+++ Information supplied +++
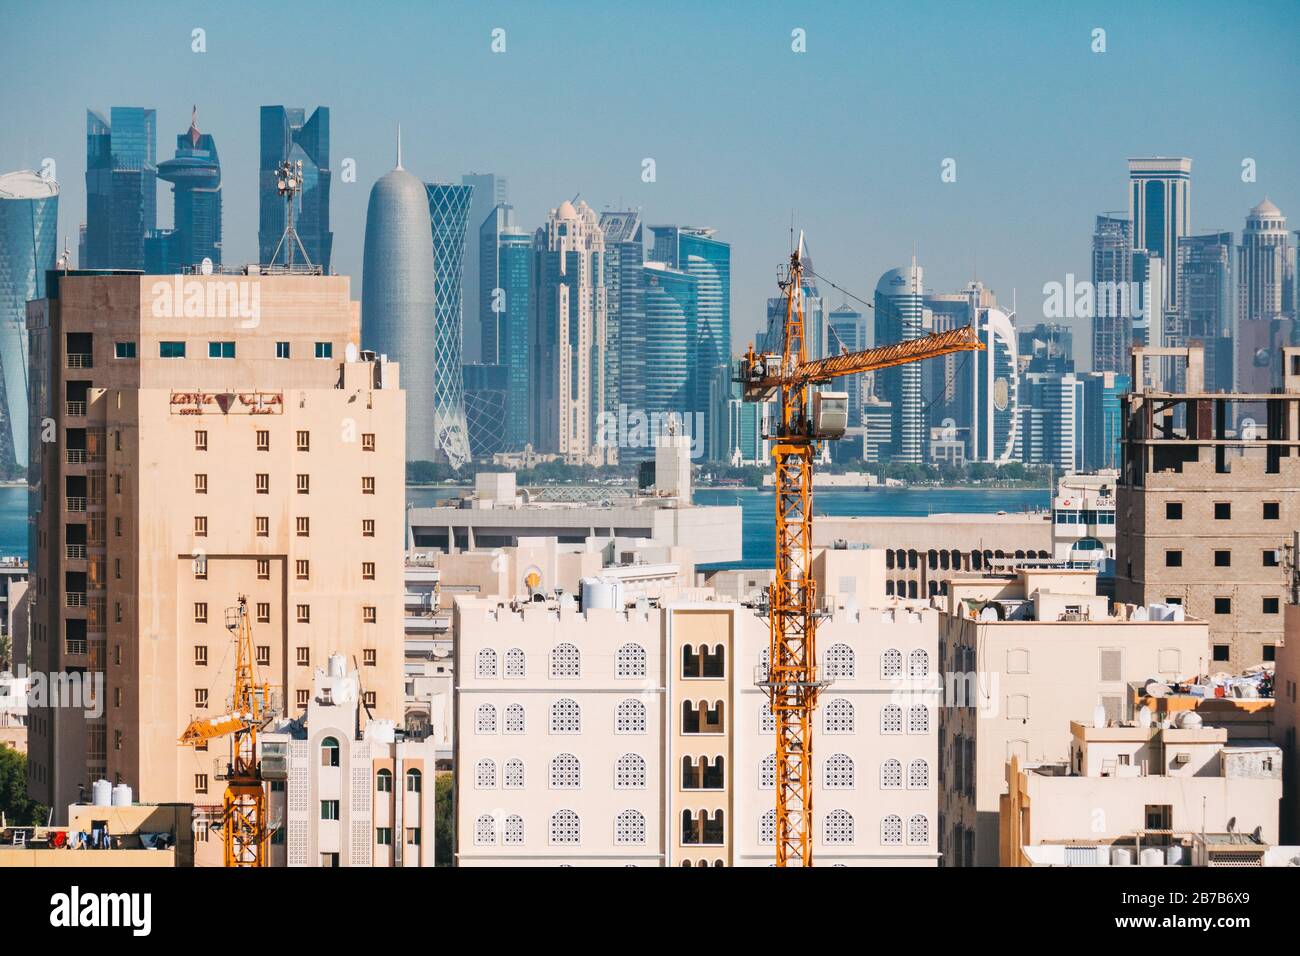 A crane and buildings under construction in Doha's Al Souq area, with the modern financial district skyline visible across the bay in the background Stock Photo
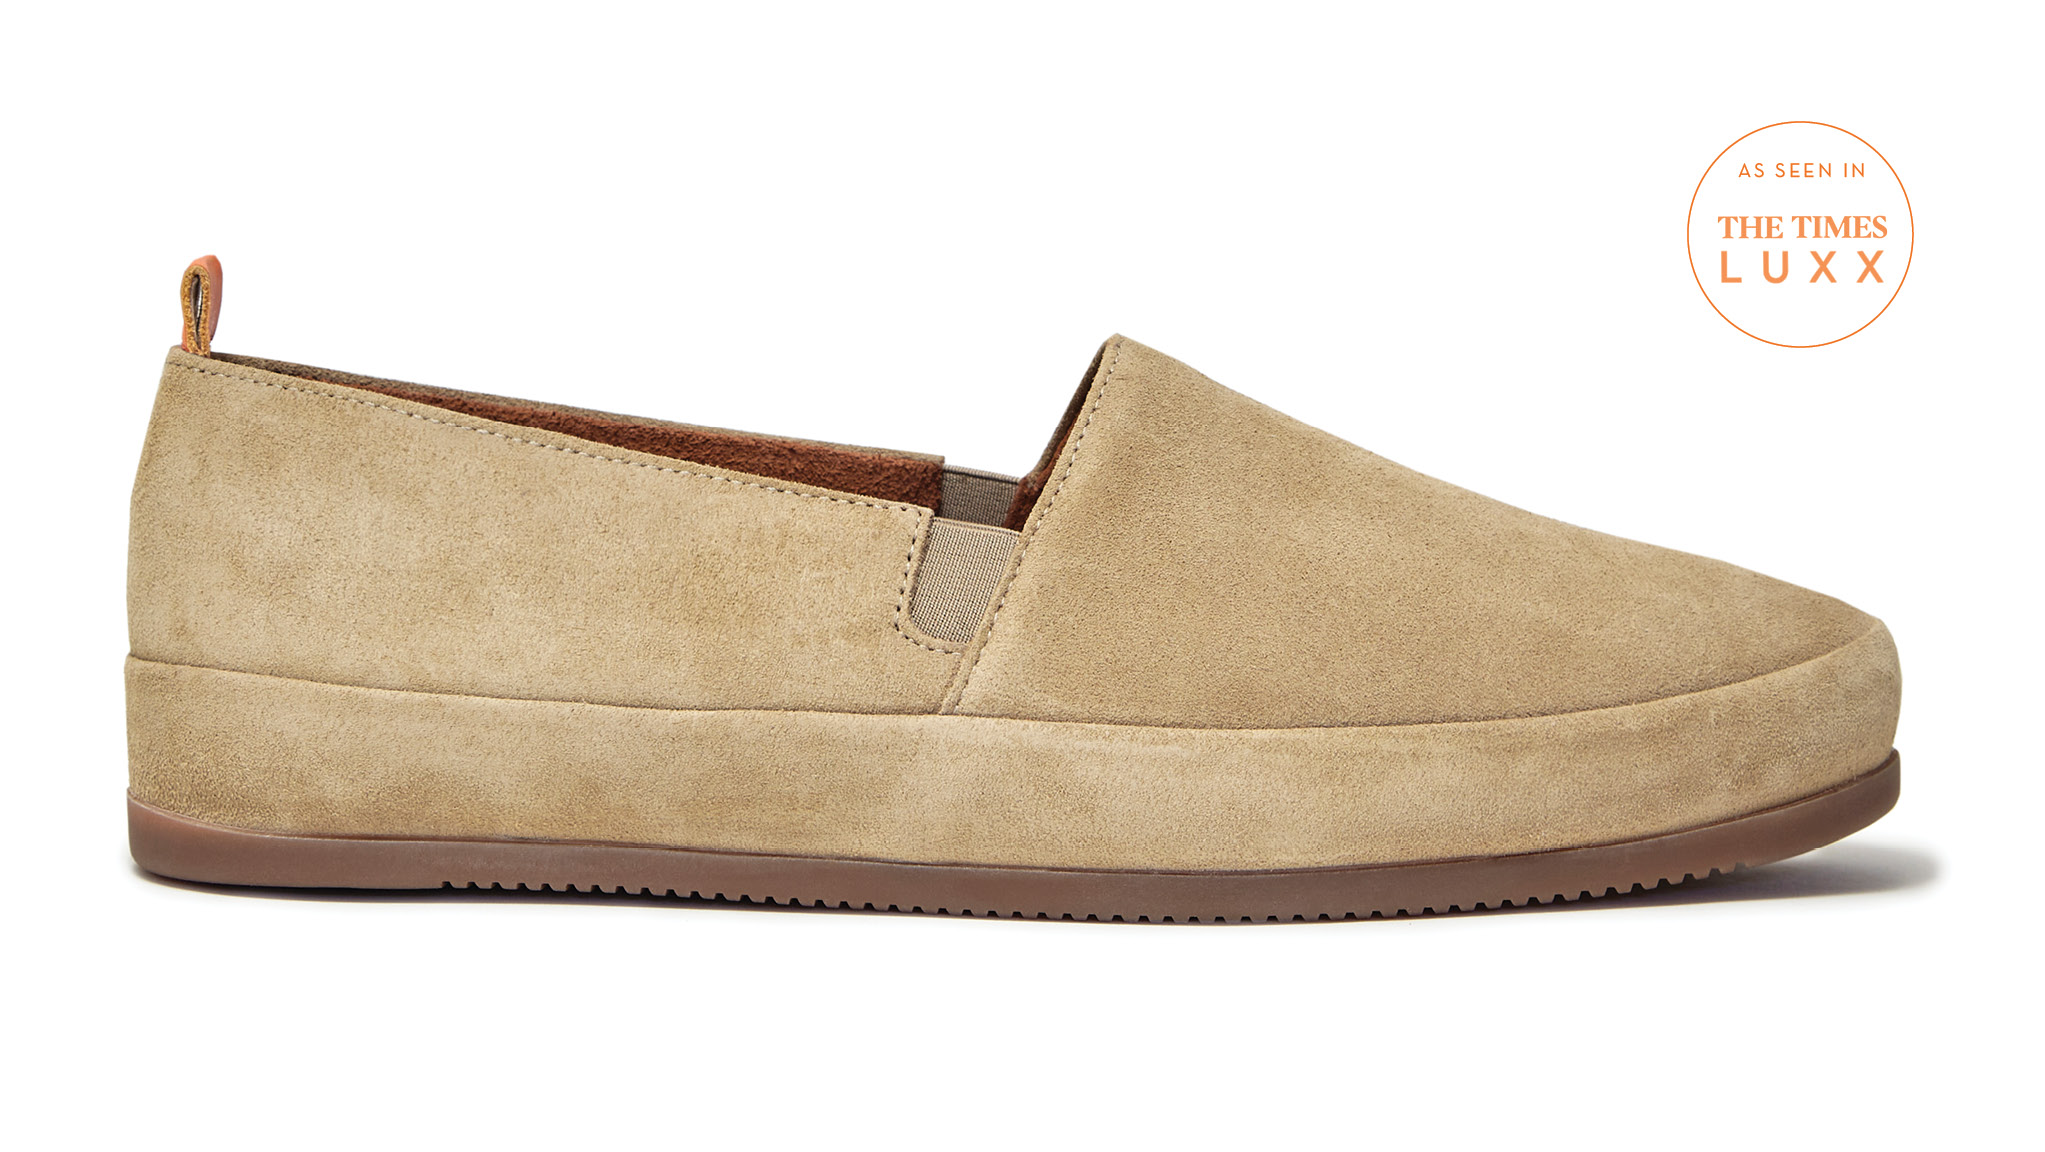 The Loafer in Tan Suede - Men's Suede Loafers
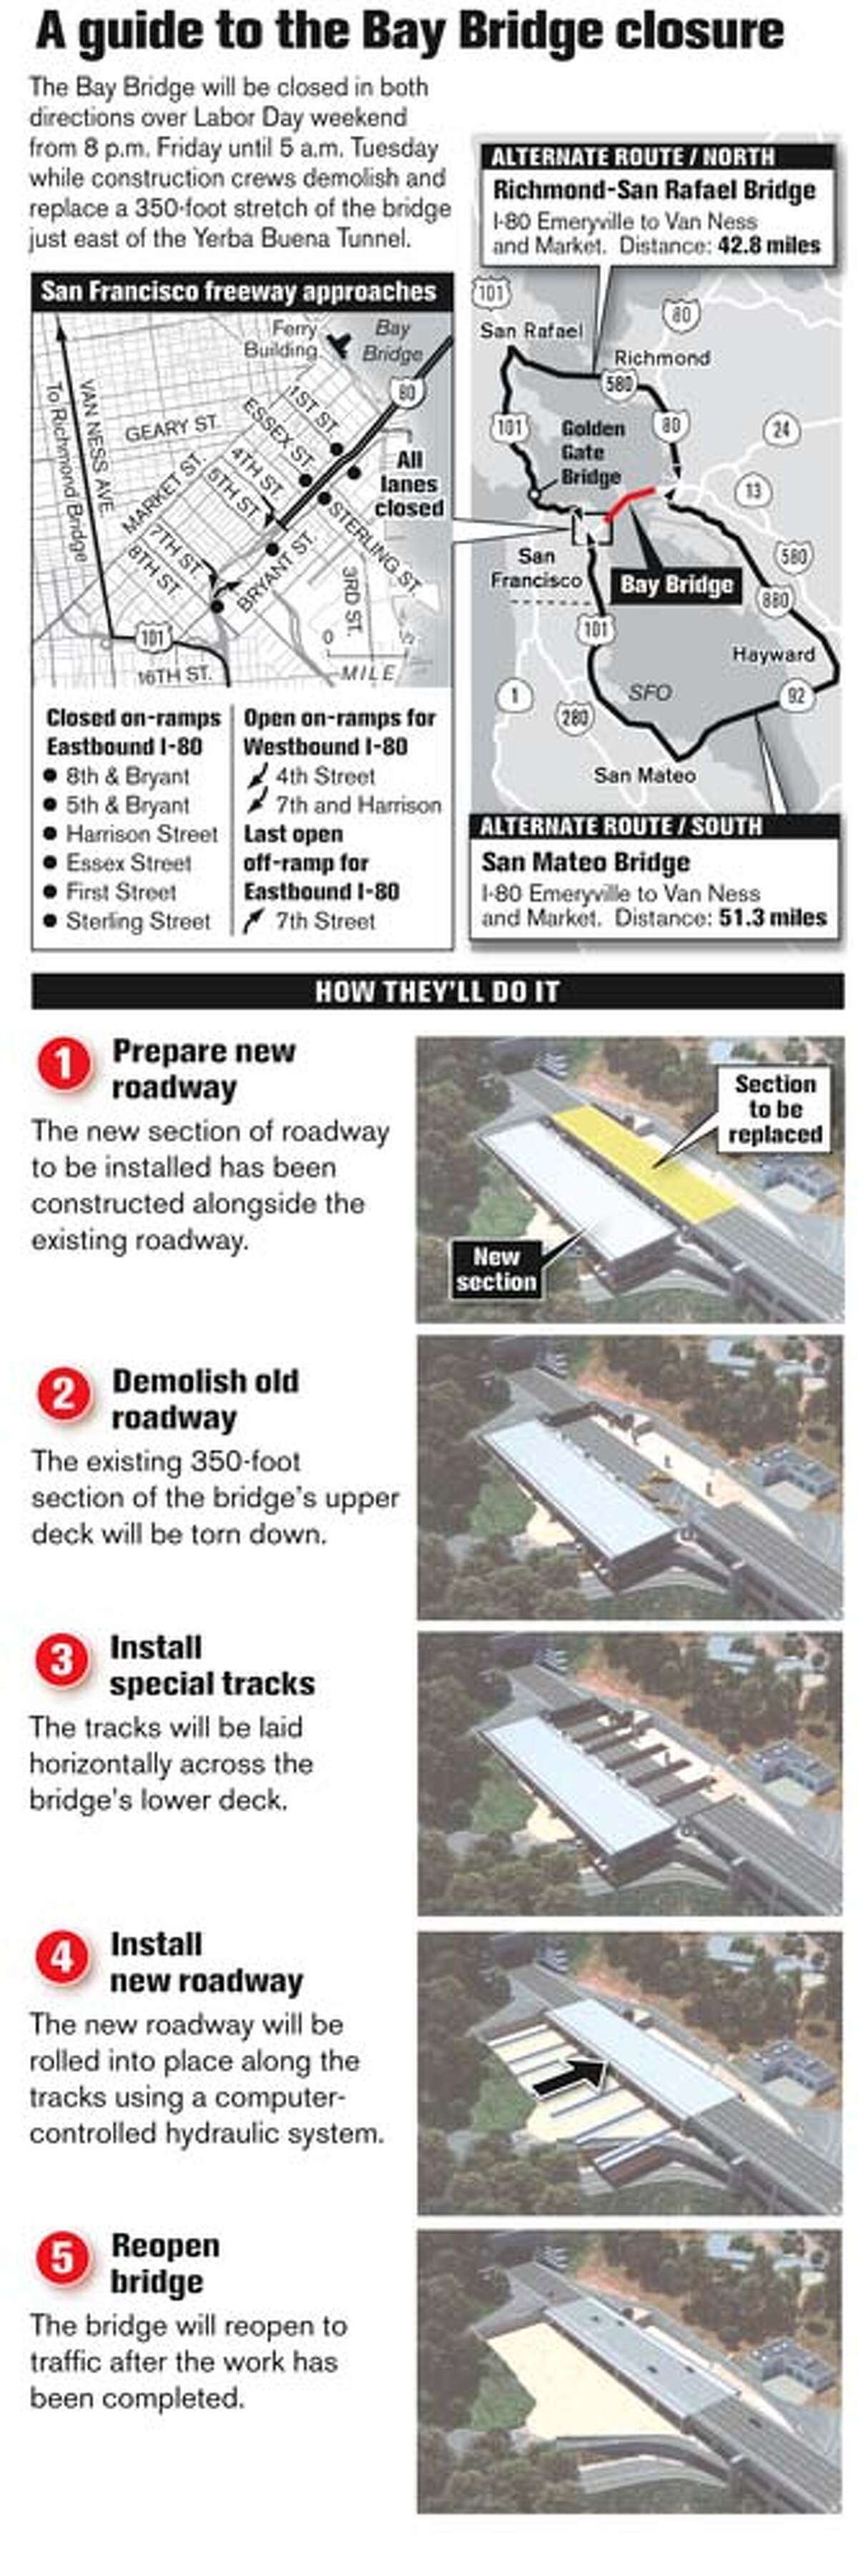 A guide to the Bay Bridge closure. Chronicle Graphic
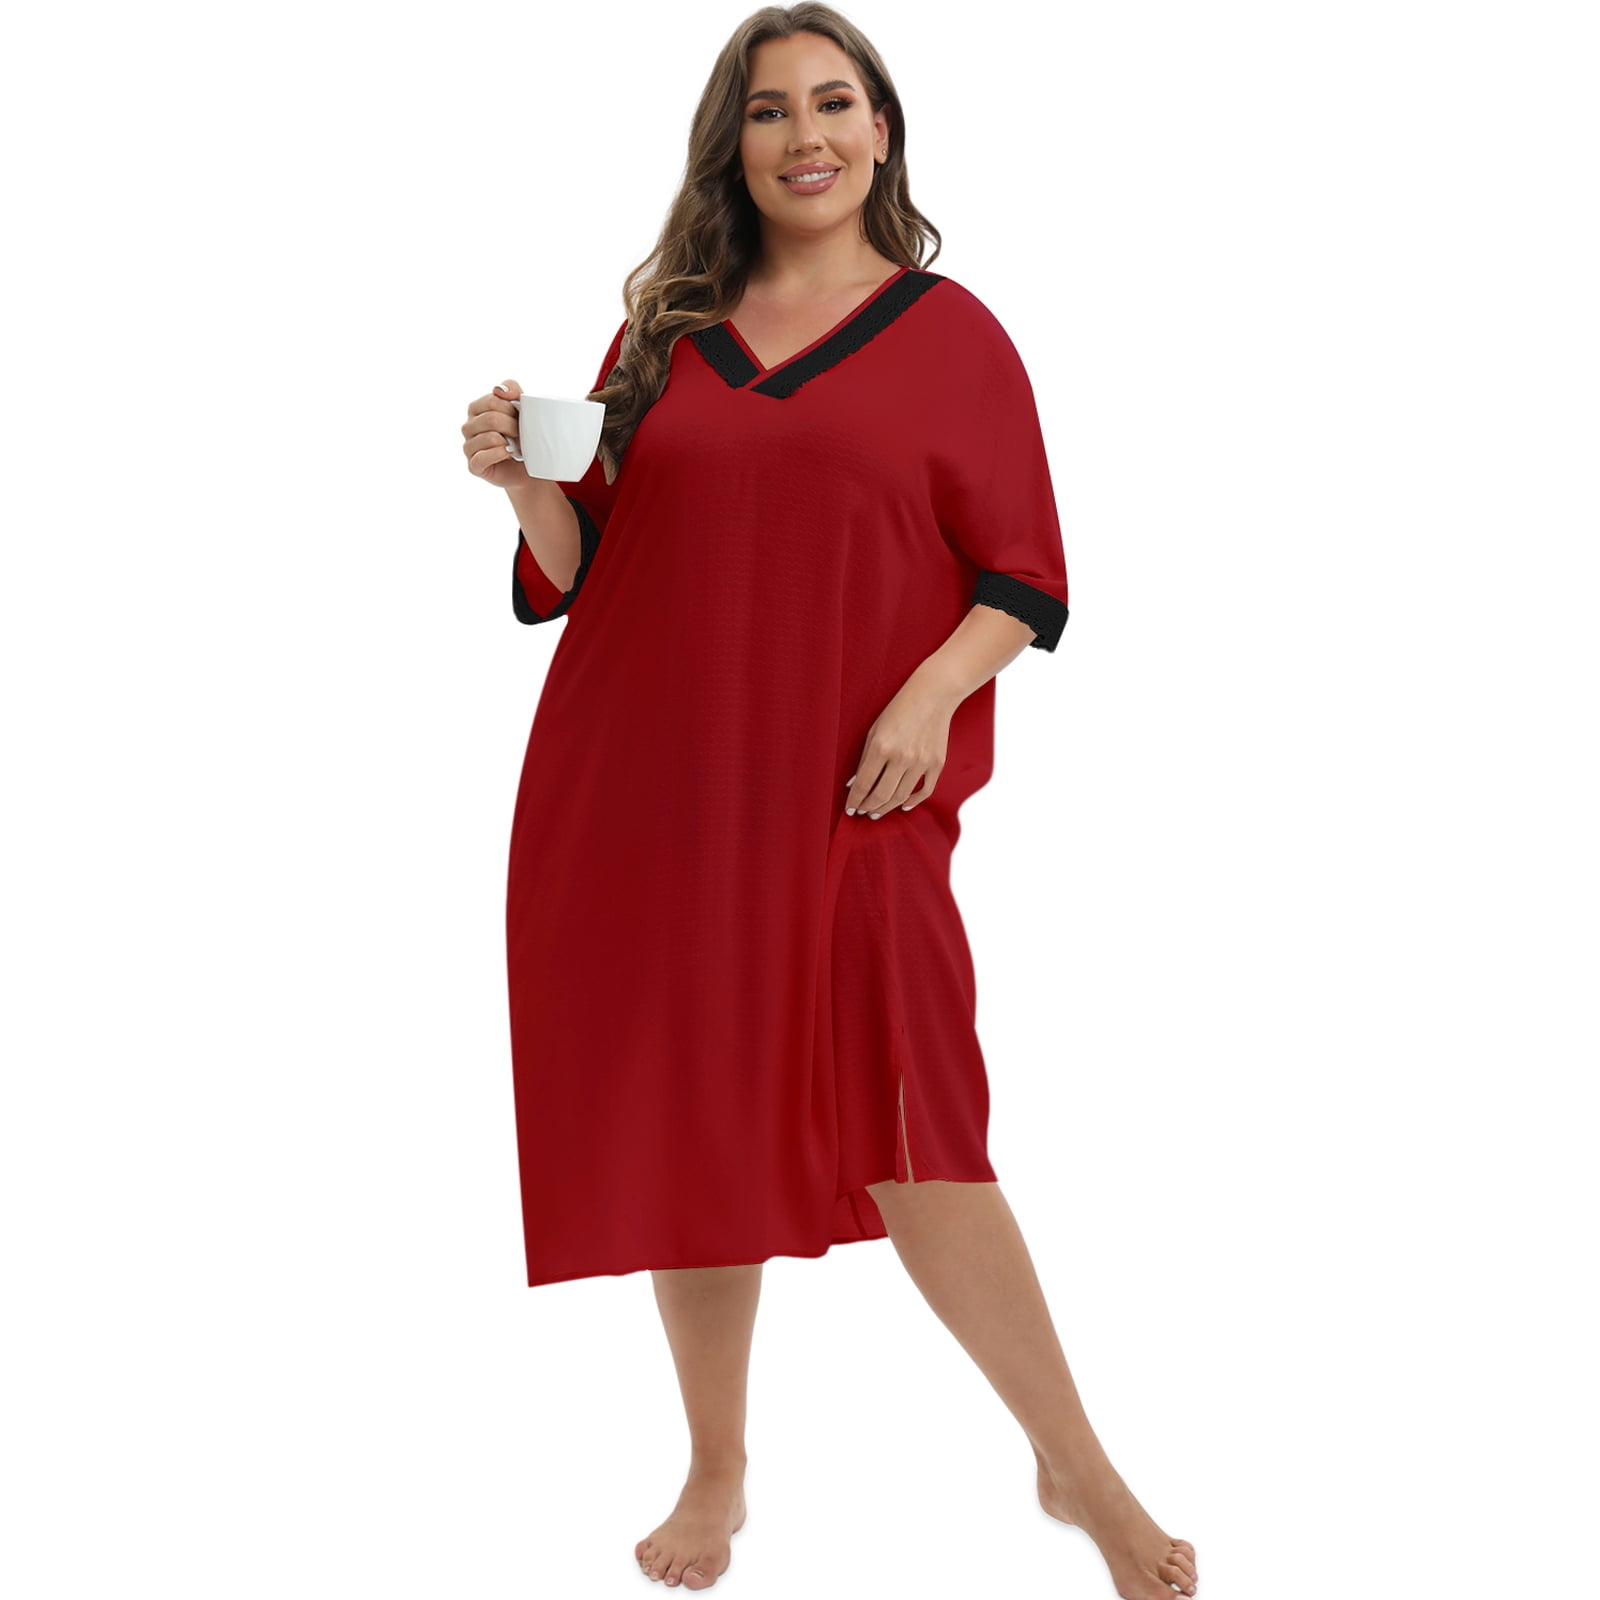 WBQ Plus Size House Dress Womens 3/4 Sleeve Lace V Neck Nightgown ...
+++
Task statement: Once more, give the listing above exactly, leaving each picture out.

Exercise output:
 A crane and buildings under construction in Doha's Al Souq area, with the modern financial district skyline visible across the bay in the background Stock Photo
 The Loafer in Tan Suede - Men's Suede Loafers
 A guide to the Bay Bridge closure. Chronicle Graphic
 WBQ Plus Size House Dress Womens 3/4 Sleeve Lace V Neck Nightgown ...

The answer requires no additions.